EXERCISE:
Starting with the line that has "The Great British" and finishing with the line that has "Names of the different types of estrogens", set down each line below exactly. Pictures are not copied.
---------- DATA RECORDS
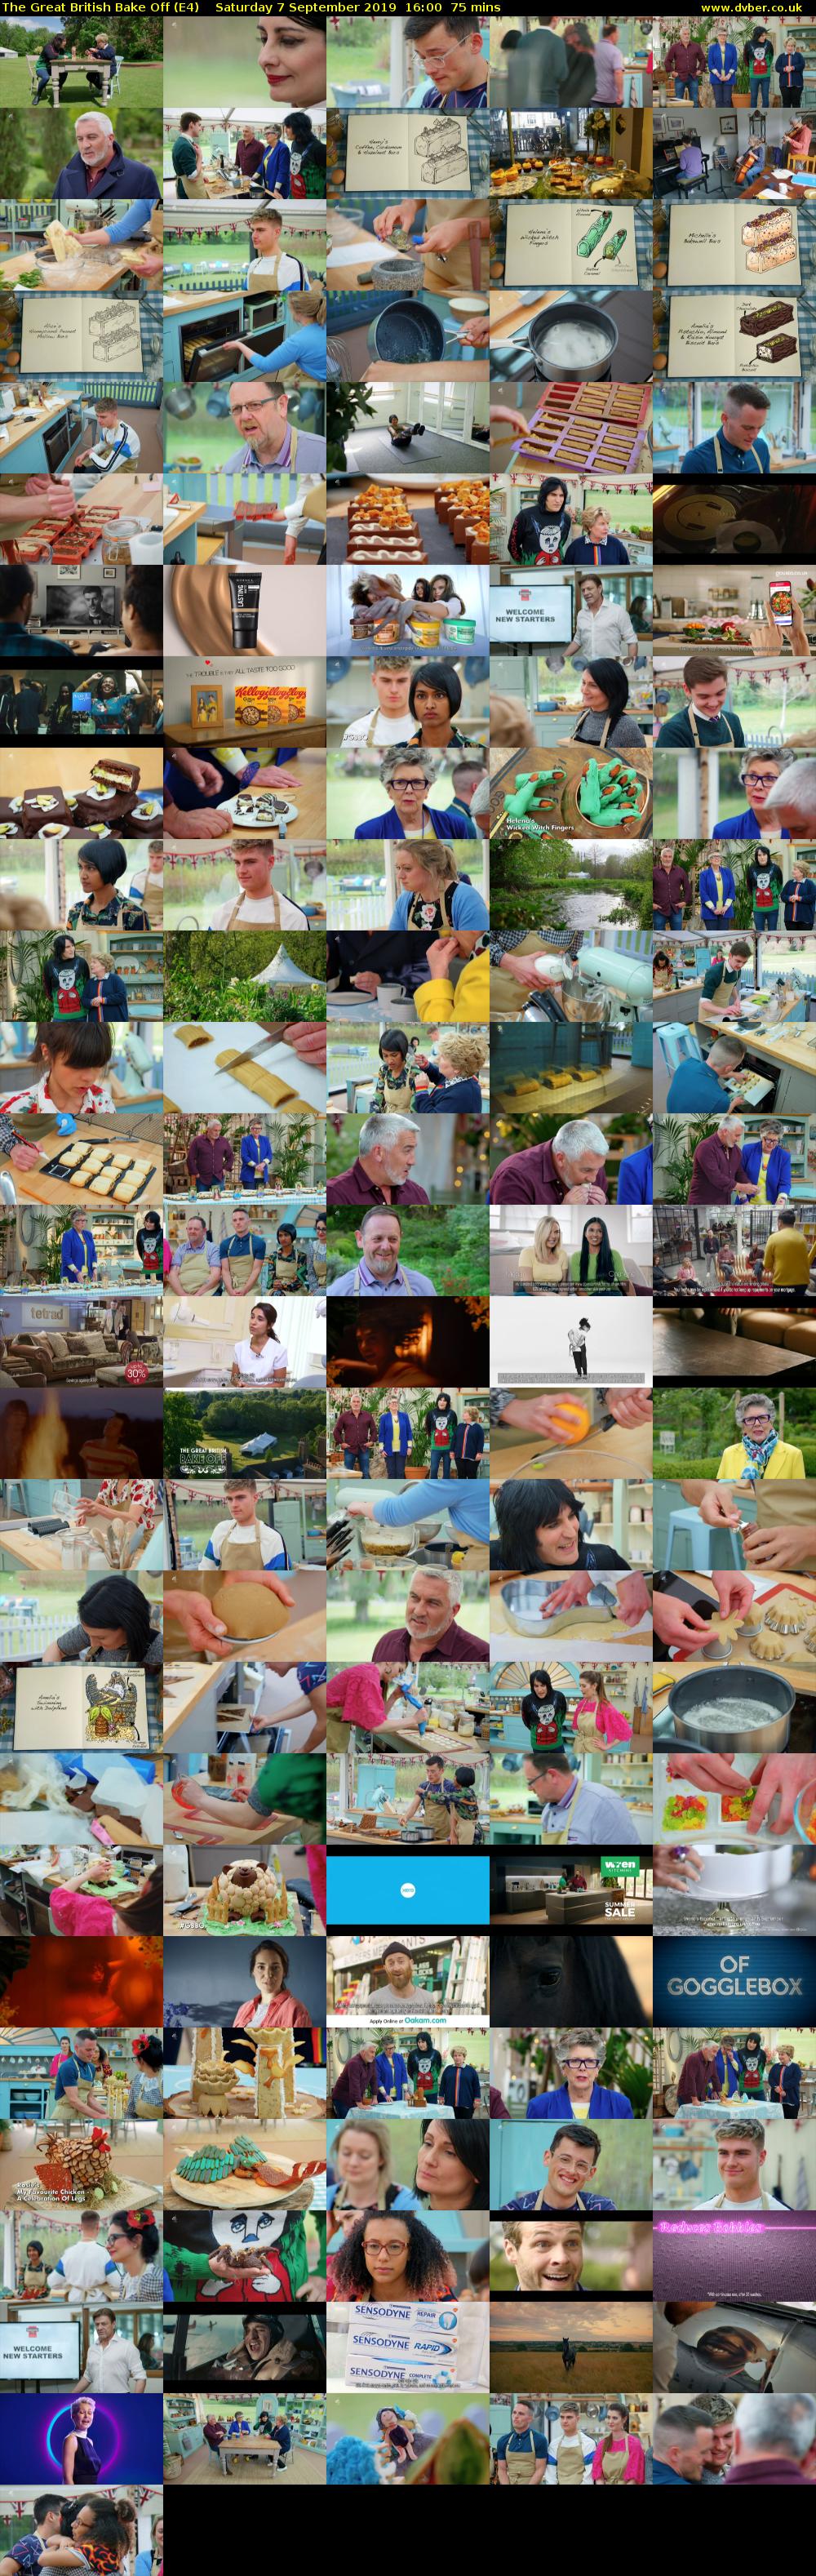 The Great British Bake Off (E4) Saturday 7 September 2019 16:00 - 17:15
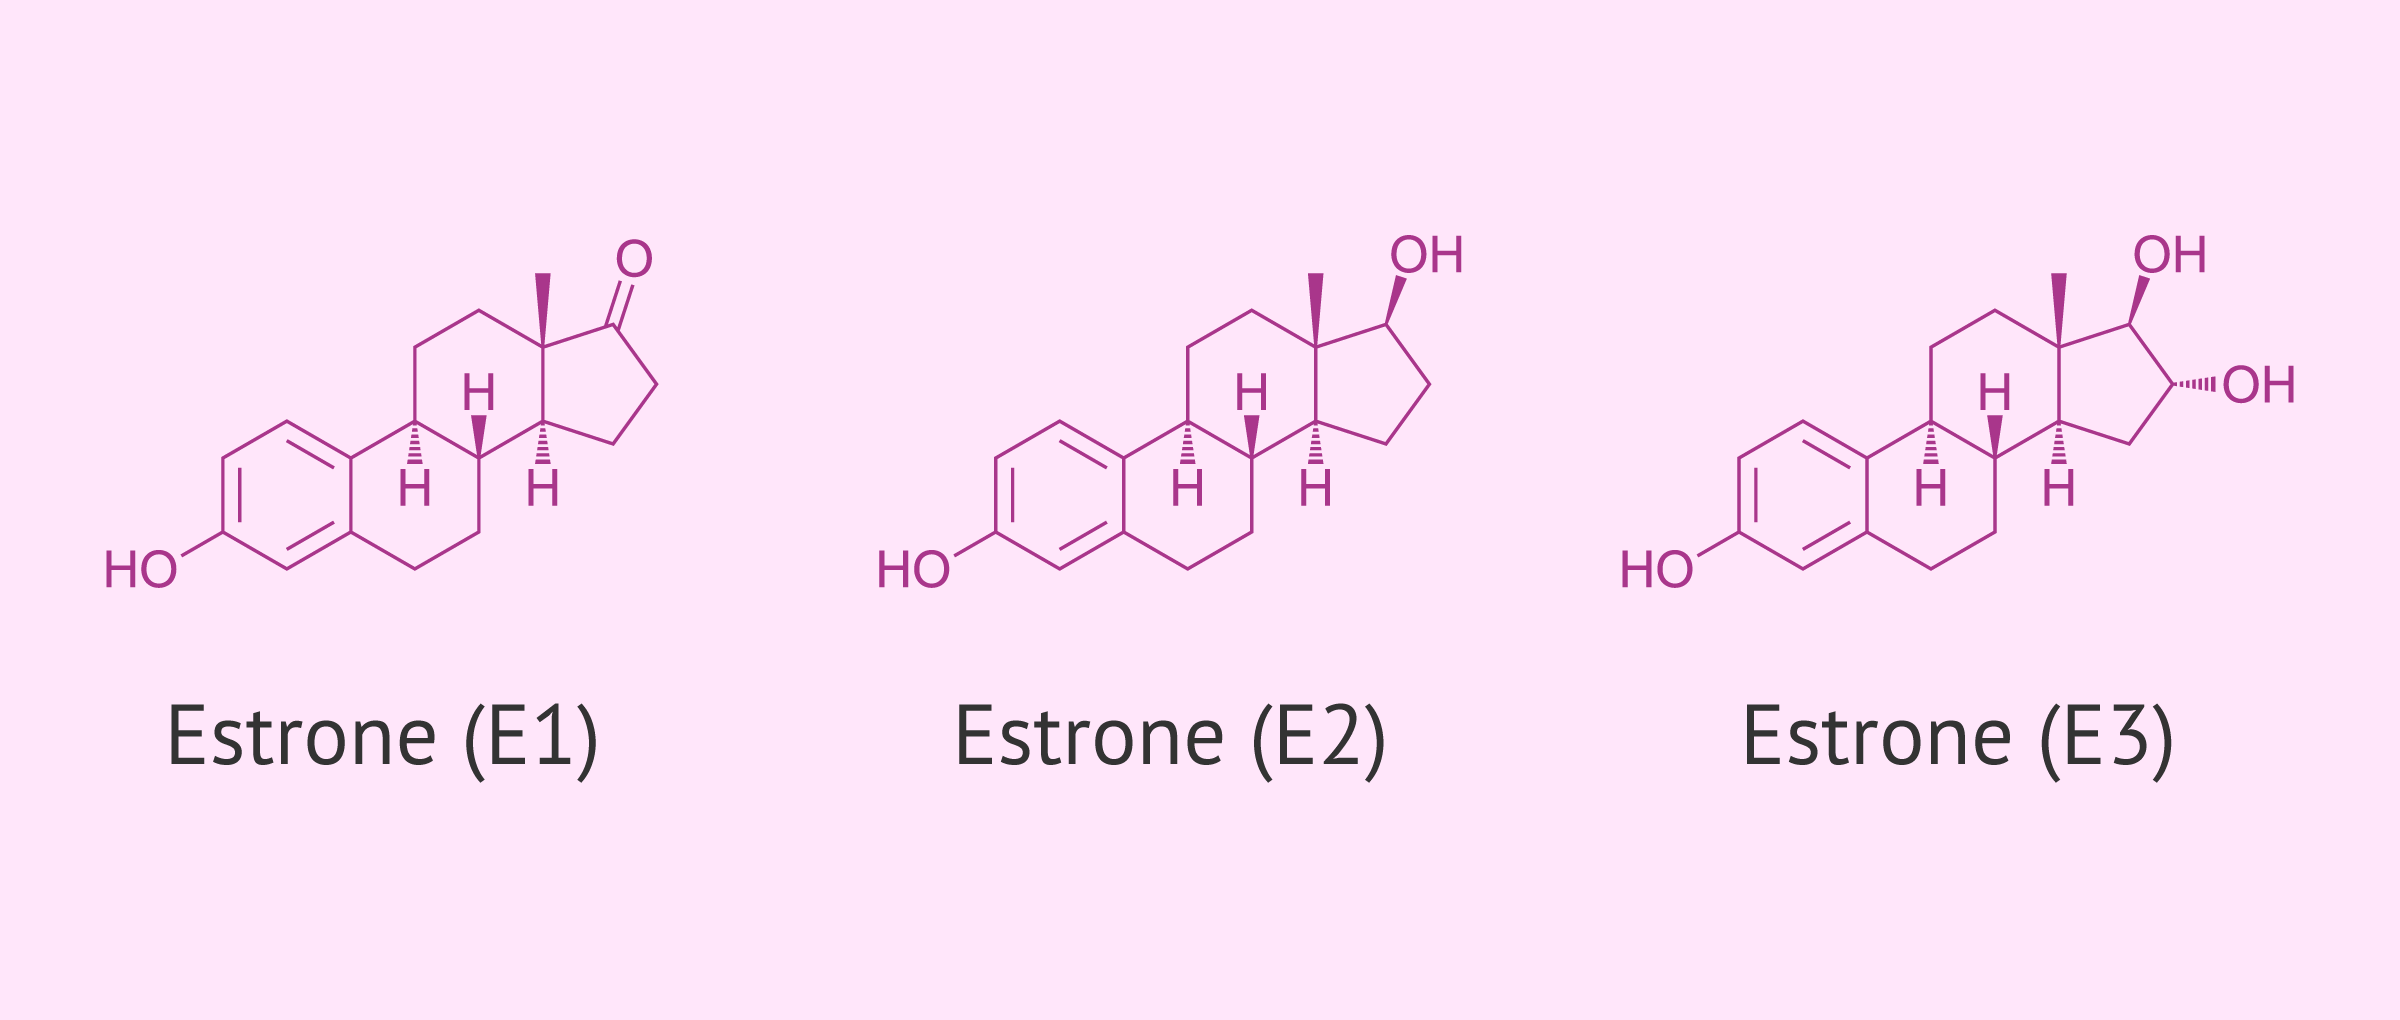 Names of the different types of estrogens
--------------------
---------- DATA RECORDS
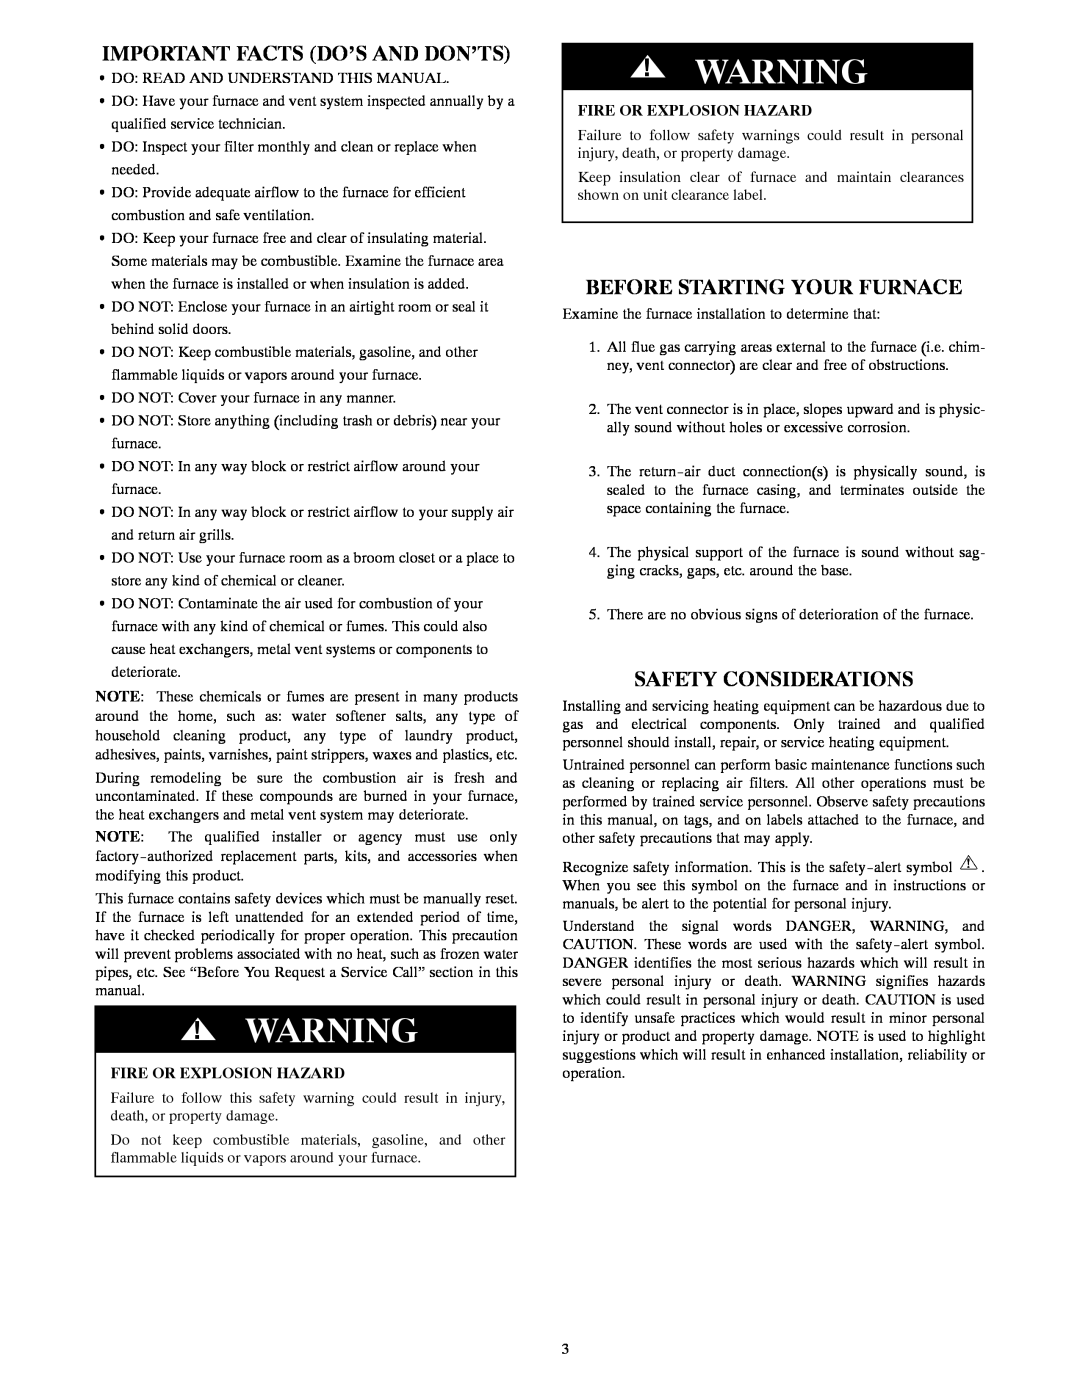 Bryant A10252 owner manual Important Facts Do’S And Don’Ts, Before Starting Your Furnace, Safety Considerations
--------------------
---------- DATA RECORDS
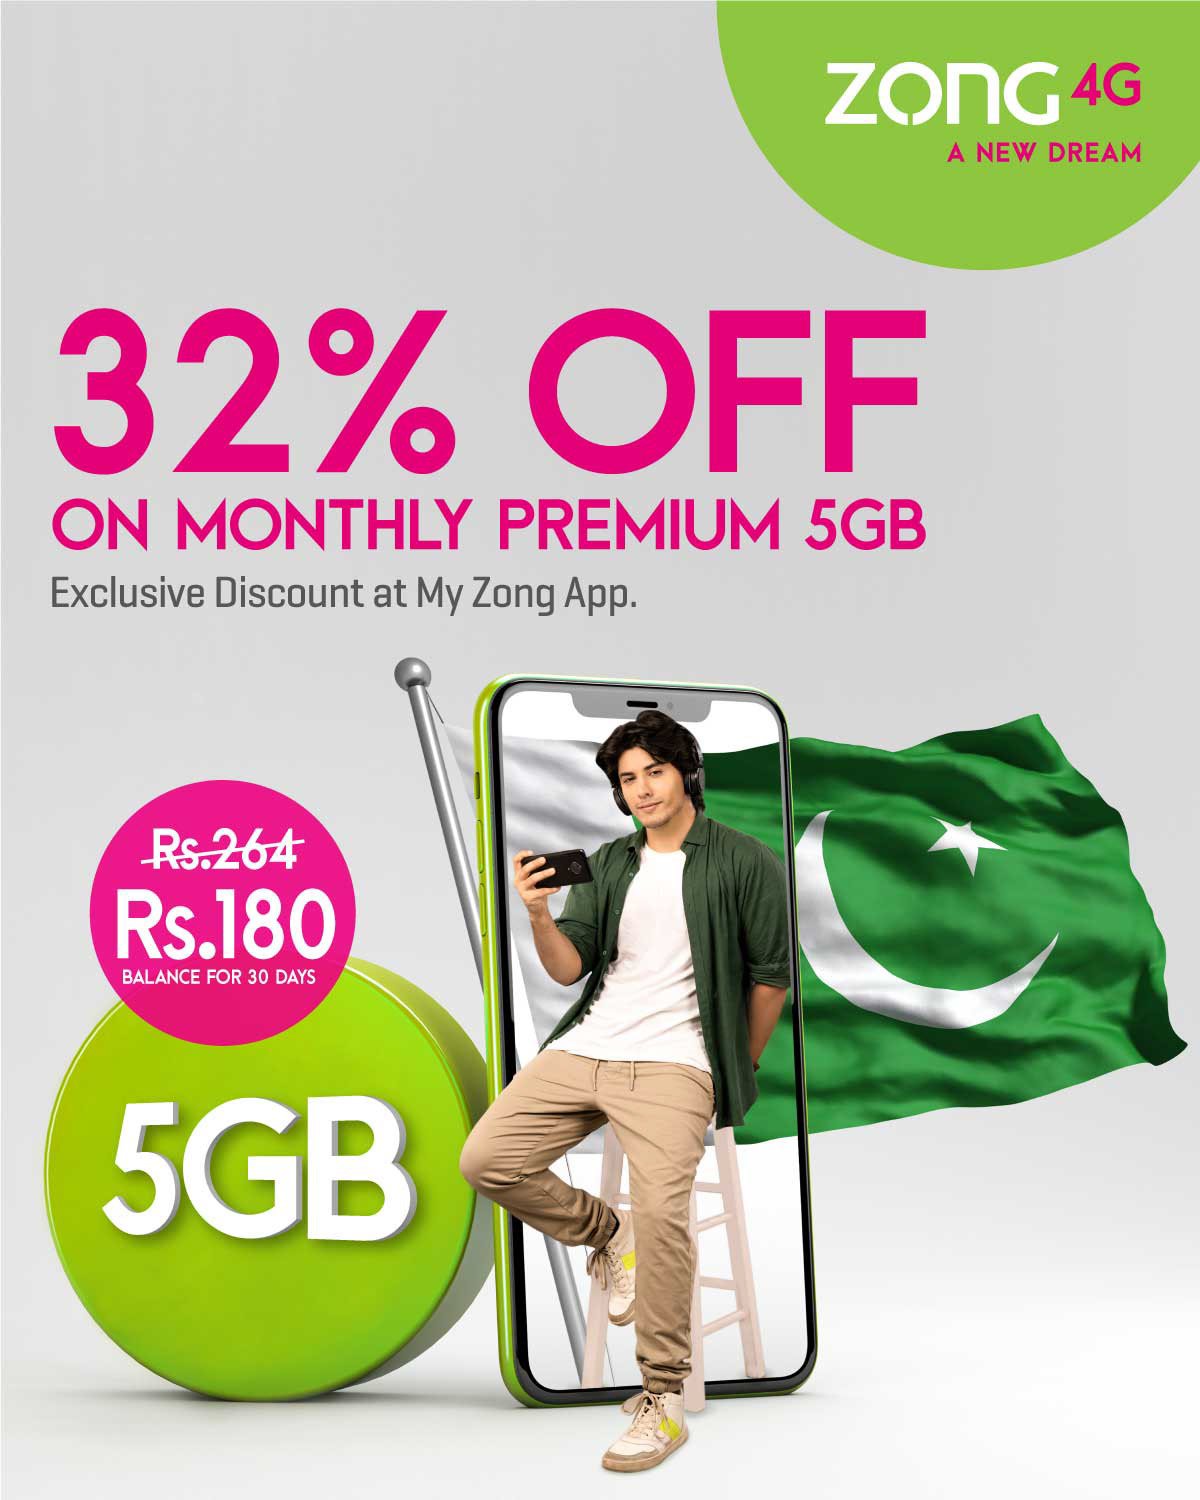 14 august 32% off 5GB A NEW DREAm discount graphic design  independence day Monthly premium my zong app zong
--------------------
RESULT OF THE EXERCISE:
 The Great British Bake Off (E4) Saturday 7 September 2019 16:00 - 17:15
 Names of the different types of estrogens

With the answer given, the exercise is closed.